- [The task]:
Beginning with the line that contains "Dairy Free Pumpkin Desserts" in the material below, print each line exactly until the line that contains "Apelles Malerei Campaspe." has been printed, then stop.

- [Record excerpts]:
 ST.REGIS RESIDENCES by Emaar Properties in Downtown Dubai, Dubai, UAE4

==

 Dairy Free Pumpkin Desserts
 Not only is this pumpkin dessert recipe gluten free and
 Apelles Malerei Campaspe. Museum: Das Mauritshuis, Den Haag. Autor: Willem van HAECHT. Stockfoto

- [Solution to this task]:
 Dairy Free Pumpkin Desserts
 Not only is this pumpkin dessert recipe gluten free and
 Apelles Malerei Campaspe. Museum: Das Mauritshuis, Den Haag. Autor: Willem van HAECHT. Stockfoto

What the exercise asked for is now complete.